**Extracted records**
_ _ _ _ _ _ _
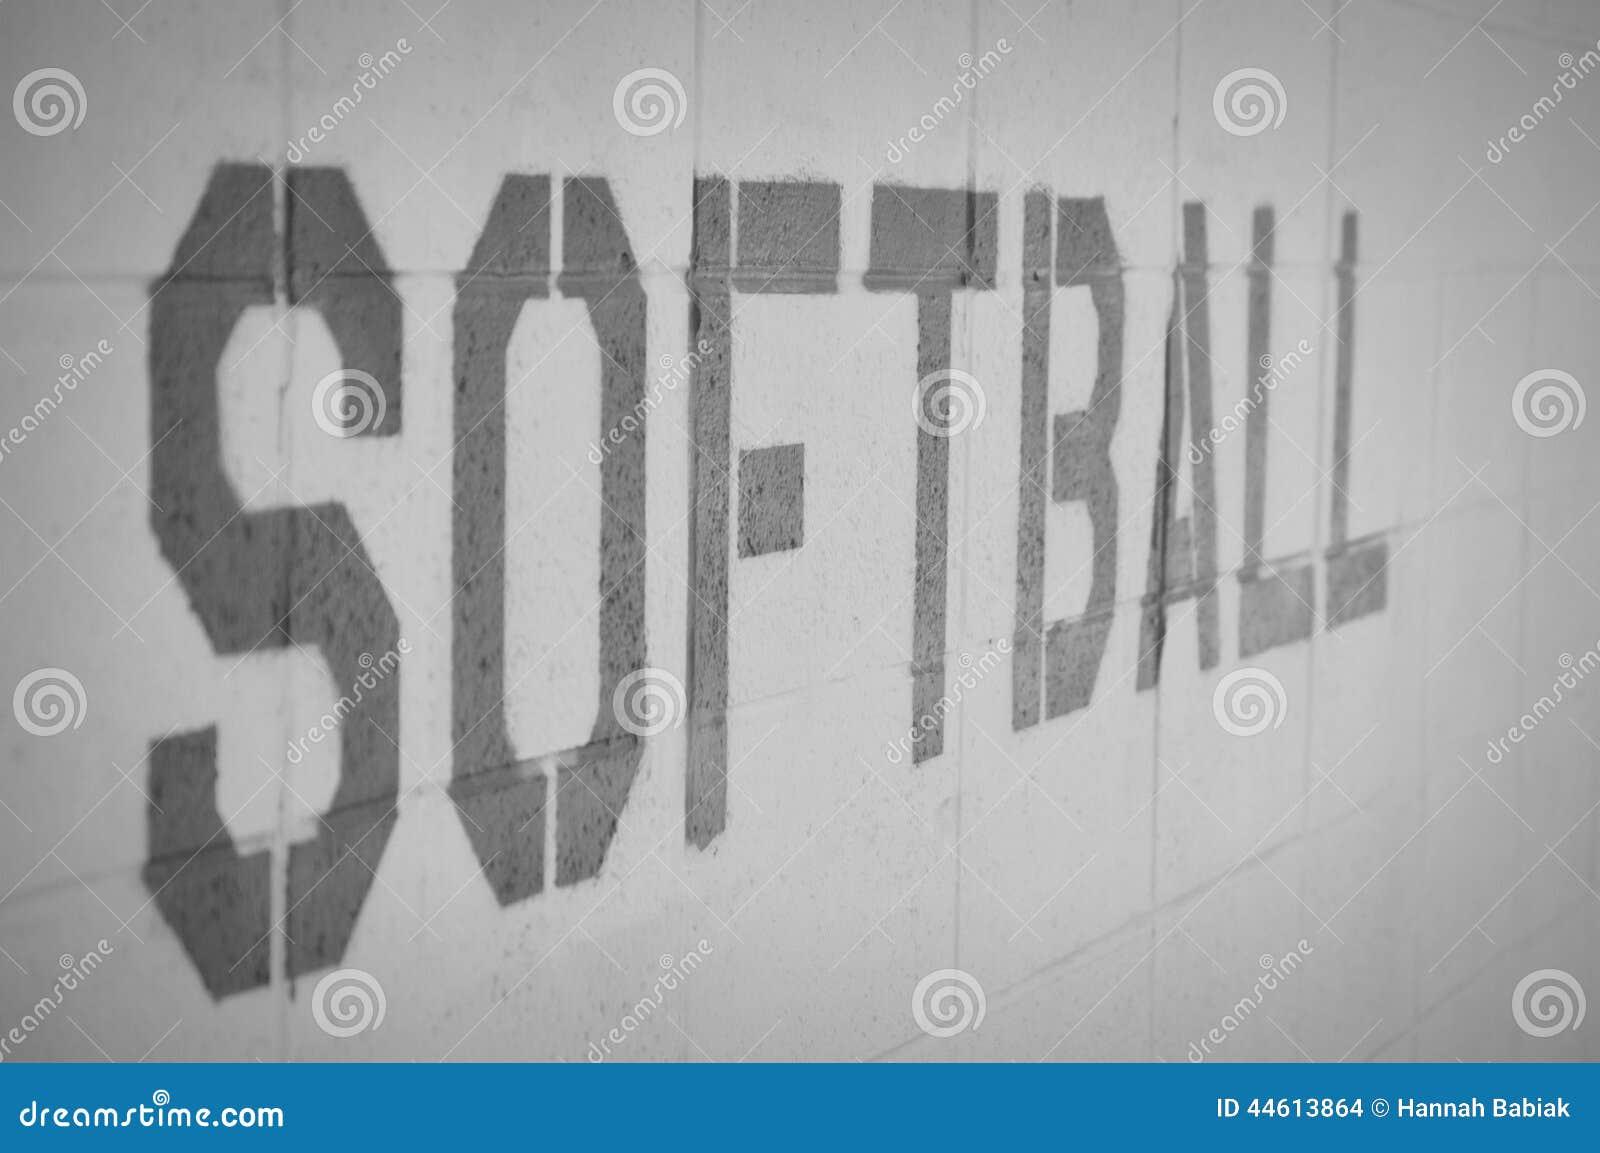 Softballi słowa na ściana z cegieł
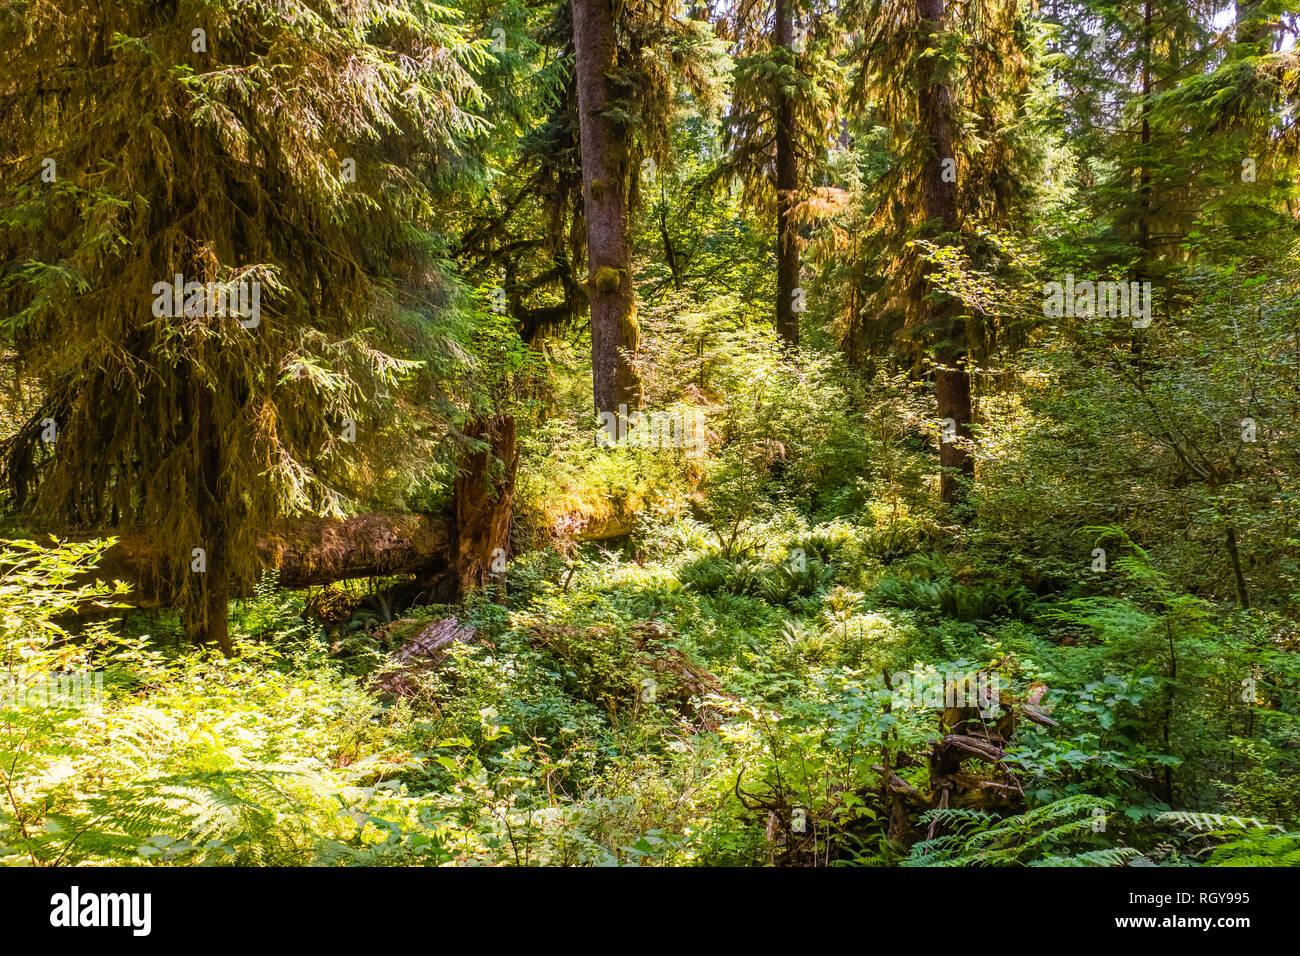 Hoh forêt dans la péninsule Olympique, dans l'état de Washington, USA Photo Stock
_ _ _ _ _ _ _
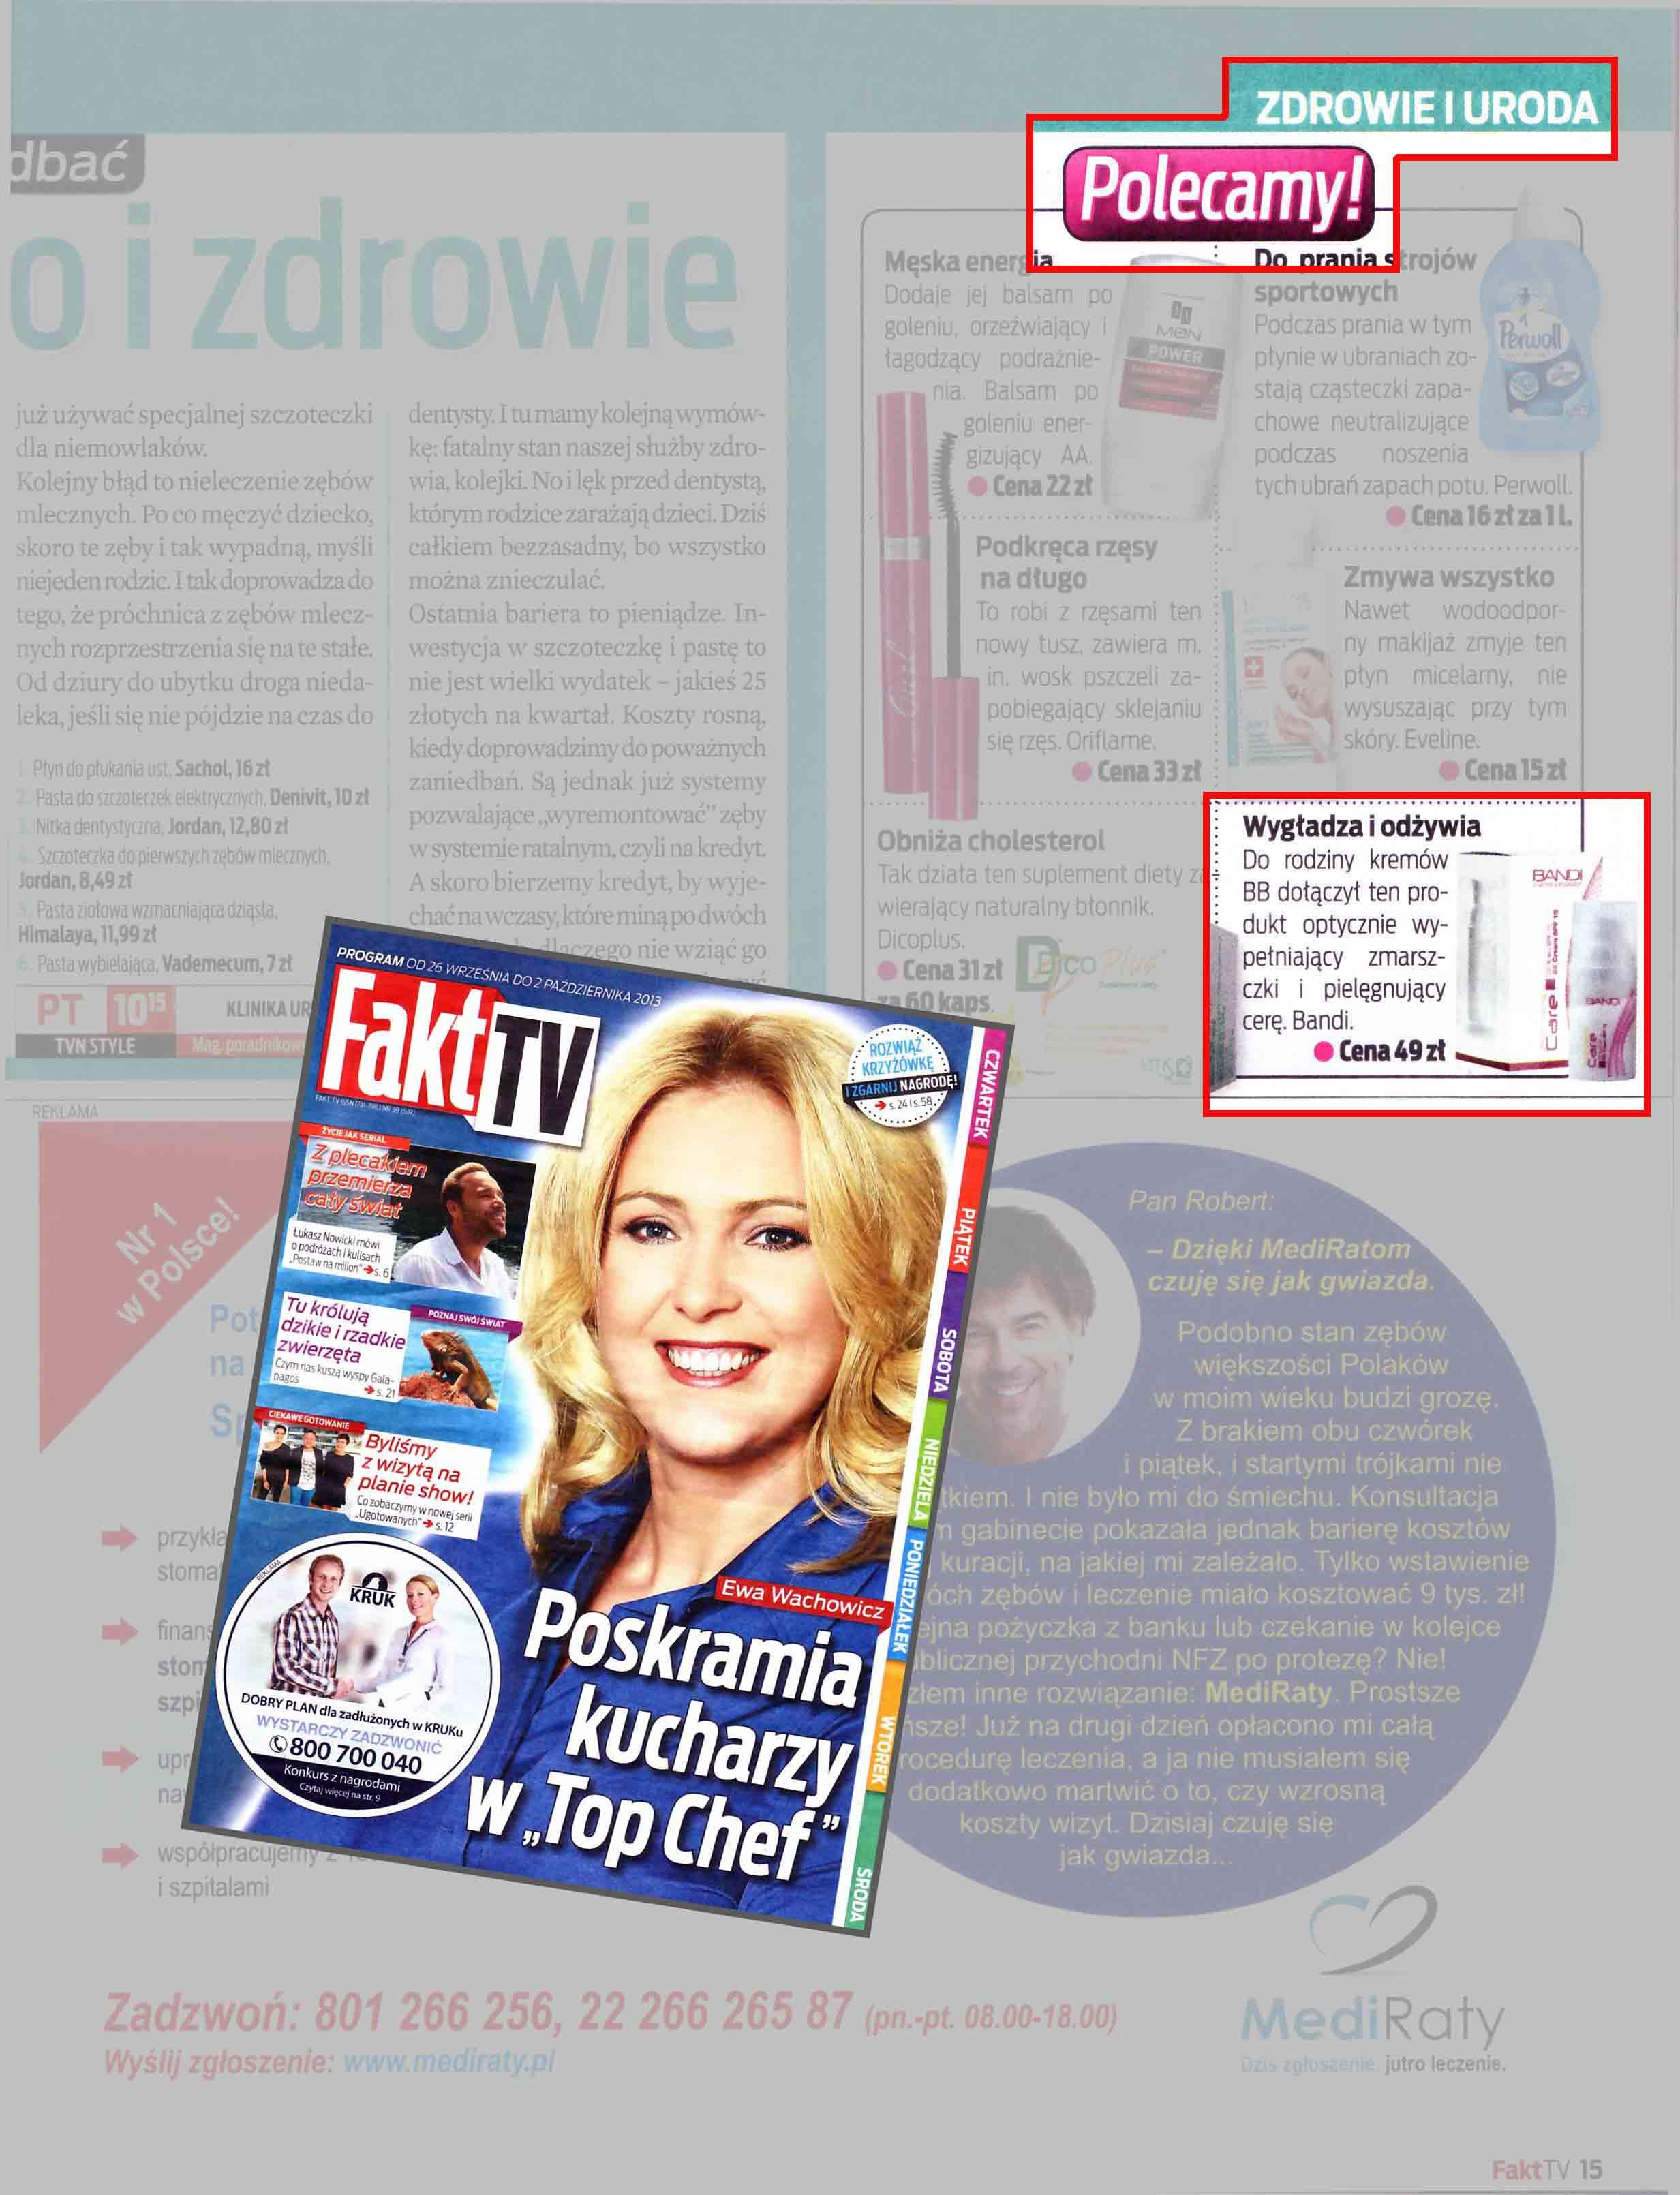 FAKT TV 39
_ _ _ _ _ _ _
**Directions**
From the records above, transcribe exactly the lines starting at the one containing "Softballi słowa na ściana z cegieł" and ending at the one containing "Hoh forêt dans". Skip the pictures.

**Result of the exercise**
 Softballi słowa na ściana z cegieł
 Hoh forêt dans la péninsule Olympique, dans l'état de Washington, USA Photo Stock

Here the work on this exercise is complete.